Start of Data excerpt

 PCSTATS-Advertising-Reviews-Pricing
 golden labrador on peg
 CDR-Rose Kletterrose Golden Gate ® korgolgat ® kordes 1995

End of Data excerpt

● **Task objective**
Reproduce the entire listing word for word.

● **Answer below**
 PCSTATS-Advertising-Reviews-Pricing
 golden labrador on peg
 CDR-Rose Kletterrose Golden Gate ® korgolgat ® kordes 1995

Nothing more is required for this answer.